Effect of texture types on microstructure evolution and mechanical properties of AZ31 magnesium alloy undergoing uniaxial tension deformation at room temperature

Abstract

Influence of texture type on mechanical properties and the evolution of microstructure and texture is thoroughly investigated via uniaxial tension experiment along rolling direction (RD) at room temperature on two different AZ31 alloy sheets. Electron backscattered diffraction (EBSD) measurements on deformed samples confirm that dislocation slip is the main deformation mechanism in as-received sheet with a typical basal texture, while dislocation slip and extension twinning (ET) both contribute to sustaining plastic strain in the sheet with a rare RD-split bimodal texture, which is fabricated by equal channel angular rolling and continuous bending process with subsequent annealing (ECAR-CB-A). Therefore, these two sheets demonstrate obviously different texture evolution during plastic deformation.
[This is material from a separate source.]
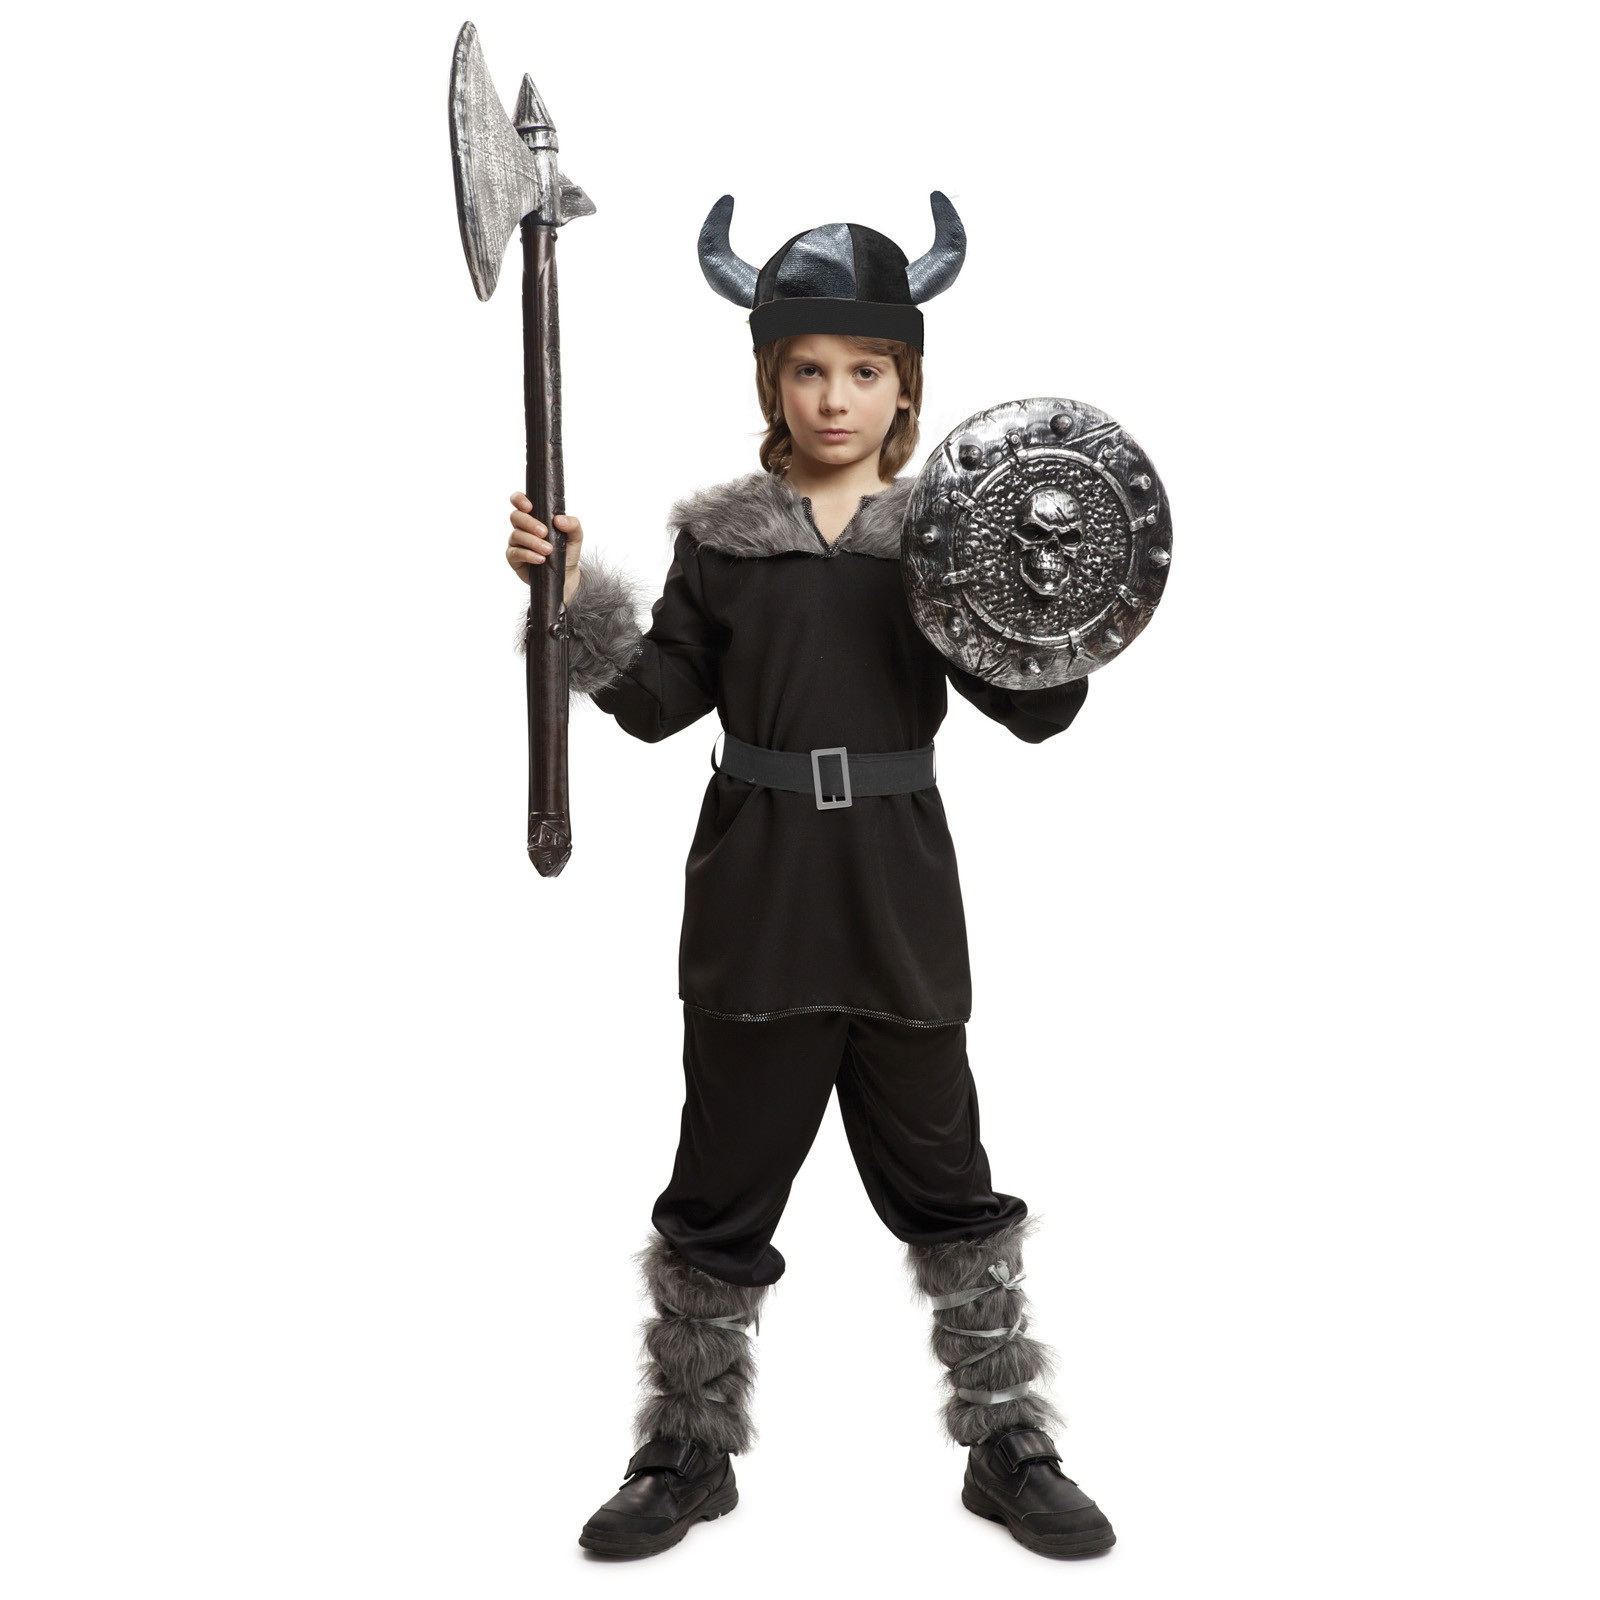 disfraz vikingo salvaje niño 203337mom - DISFRAZ DE VIKINGO SALVAJE NIÑO

As-received sheet maintains basal texture and further experience the concentration of basal poles towards normal direction (ND). However, ECAR-CB-A sheet not only undergoes the gradual diffusion and rotation of tilted basal poles to ND but also the development of a new TD-component texture. The activation of ET variants in ECAR-CB-A sheet is confirmed to play an important role in texture evolution, and the number of activated ET variants is increasing with the increase of angle between ND and c-axis. In addition, acquired mechanics data demonstrate that ECAR-CB-A sheet possesses higher fracture elongation (24%) and lower yield stress (73 MPa) as compared to as-received sample. This issue can be ascribed to the participation of ET to coordinate plastic deformation along c-axis and the easier activation of basal <a> slip in ECAR-CB-A sheet.